#### EXERCISE BRIEF:
Repeat exactly what runs from the line with "cap nigo red" through the last line of the material, and keep the pictures out of it.

(Beginning of DATA EXCERPT)

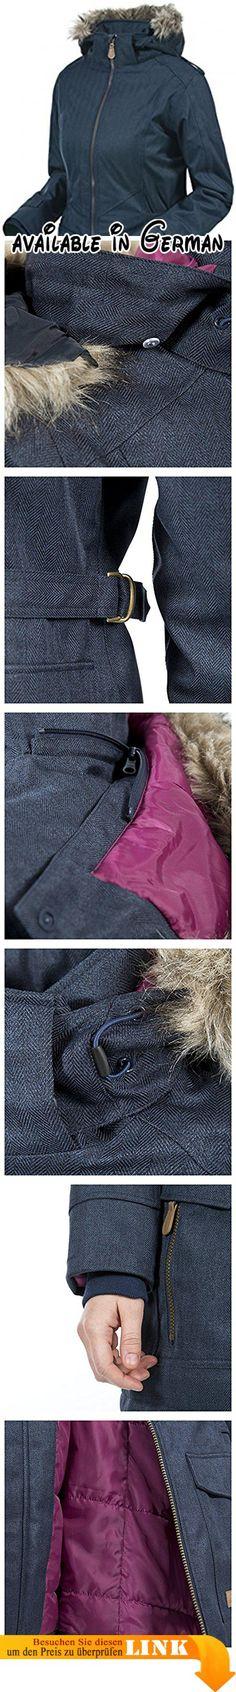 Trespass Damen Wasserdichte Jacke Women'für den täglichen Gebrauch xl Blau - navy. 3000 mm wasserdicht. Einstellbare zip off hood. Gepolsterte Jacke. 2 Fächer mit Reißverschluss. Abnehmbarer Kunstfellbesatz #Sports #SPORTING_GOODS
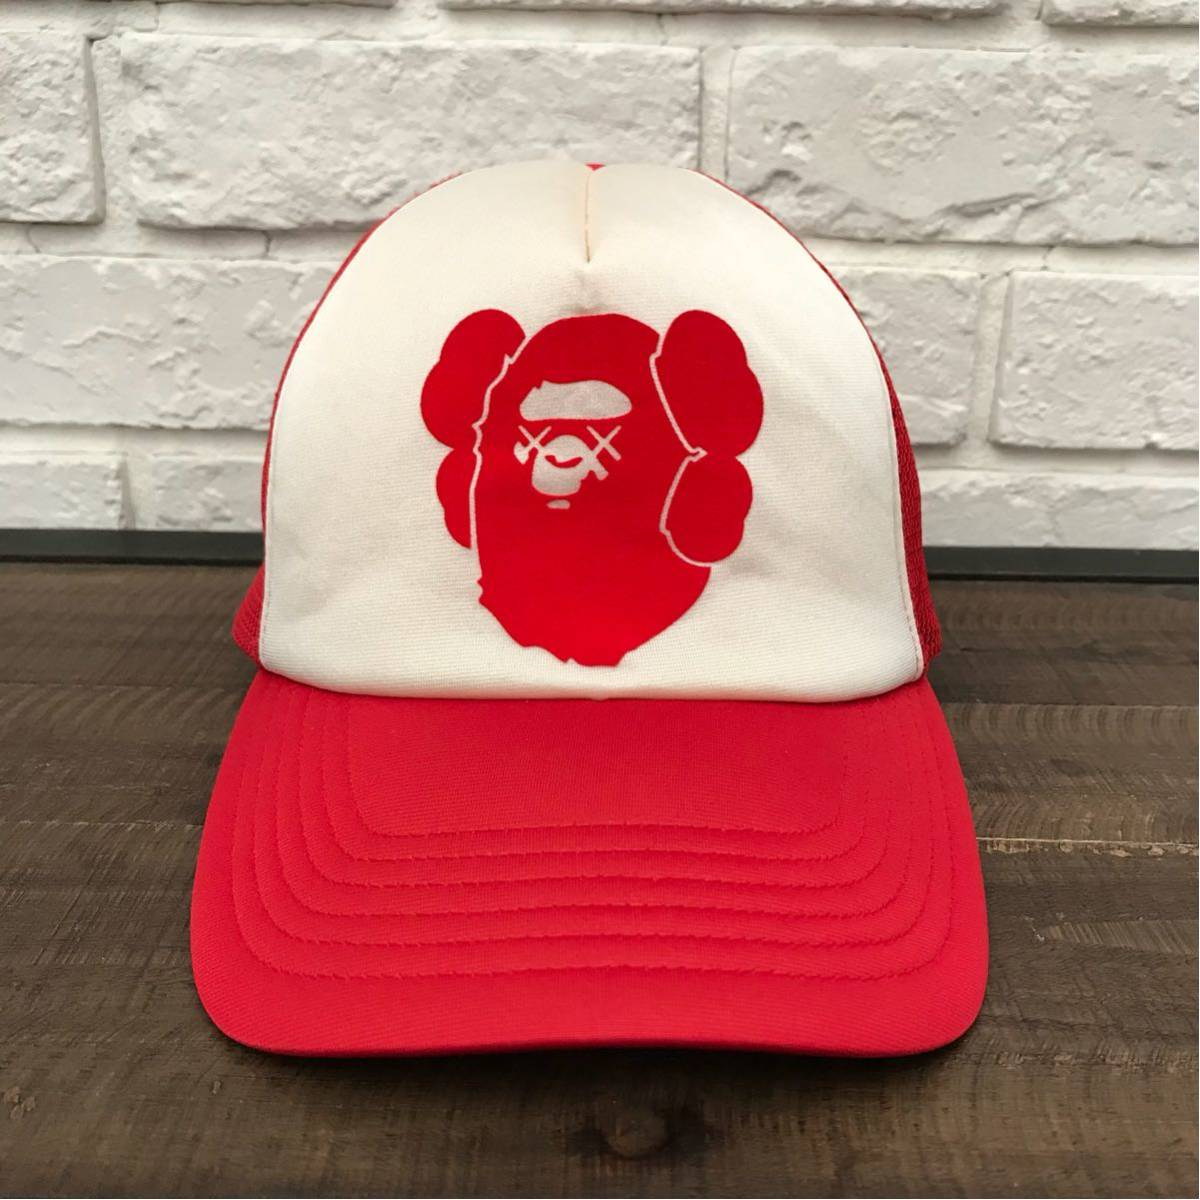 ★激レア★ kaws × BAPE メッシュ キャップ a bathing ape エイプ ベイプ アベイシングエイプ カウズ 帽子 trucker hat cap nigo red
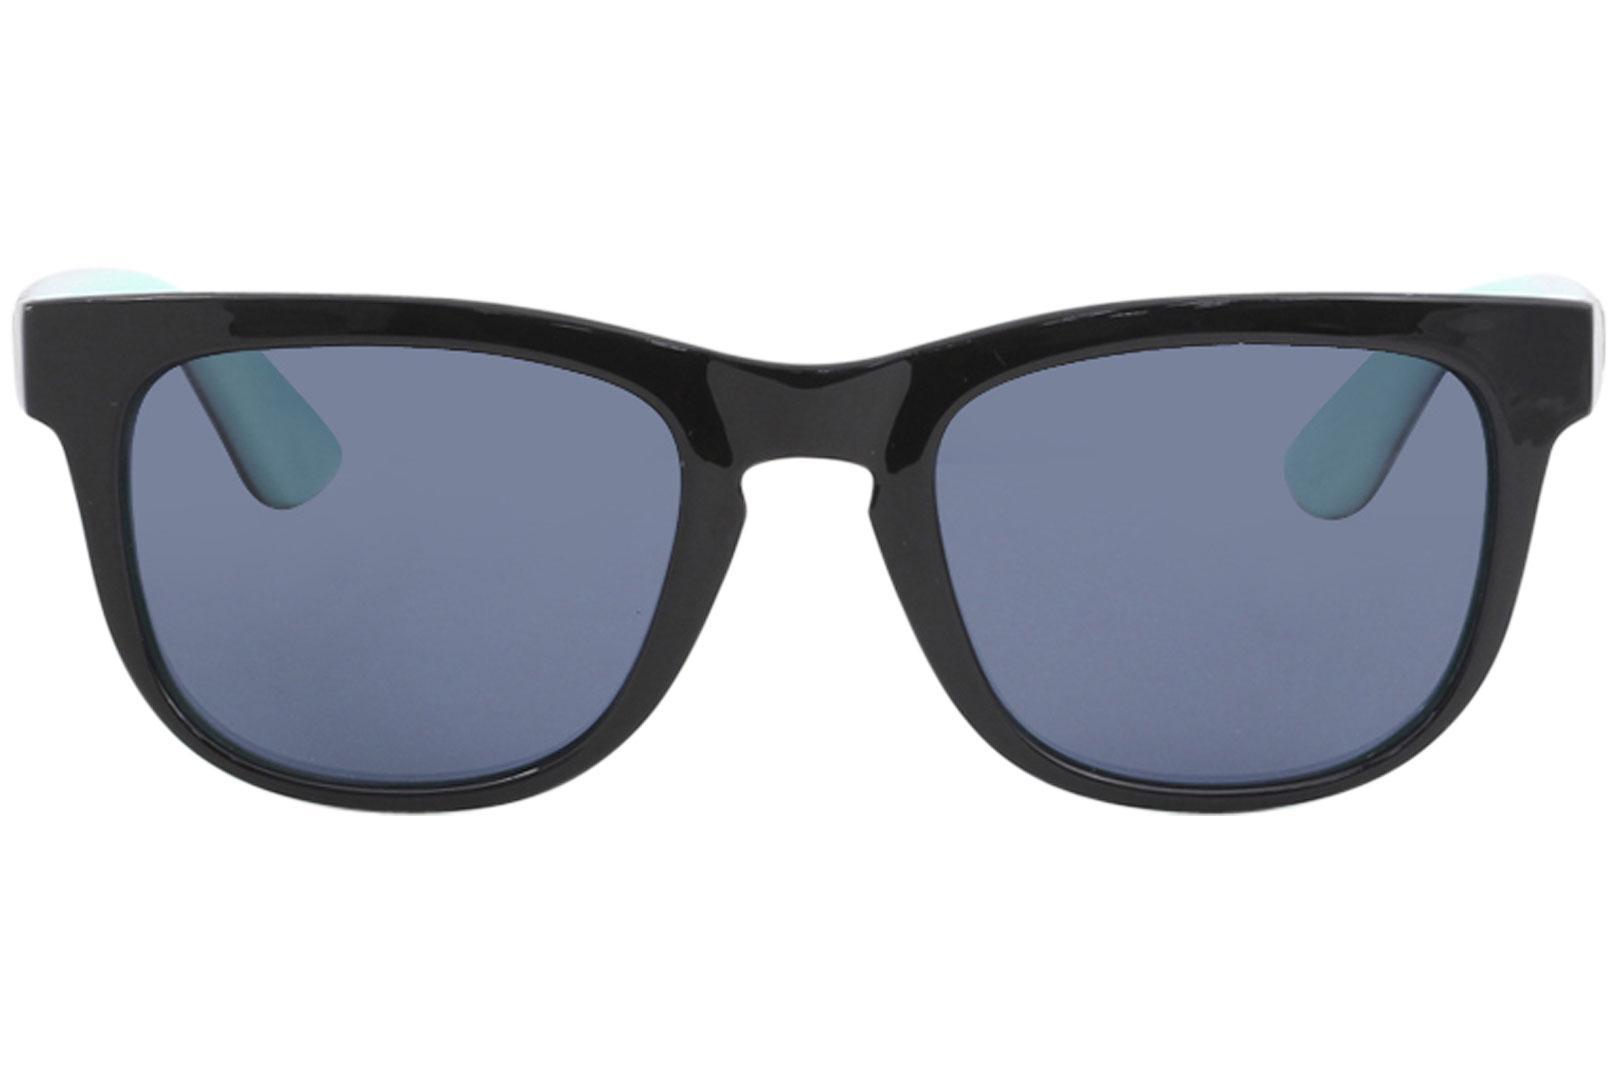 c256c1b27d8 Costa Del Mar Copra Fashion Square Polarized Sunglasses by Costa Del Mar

(End of DATA EXCERPT)

#### TASK RESULT:
 ★激レア★ kaws × BAPE メッシュ キャップ a bathing ape エイプ ベイプ アベイシングエイプ カウズ 帽子 trucker hat cap nigo red
 c256c1b27d8 Costa Del Mar Copra Fashion Square Polarized Sunglasses by Costa Del Mar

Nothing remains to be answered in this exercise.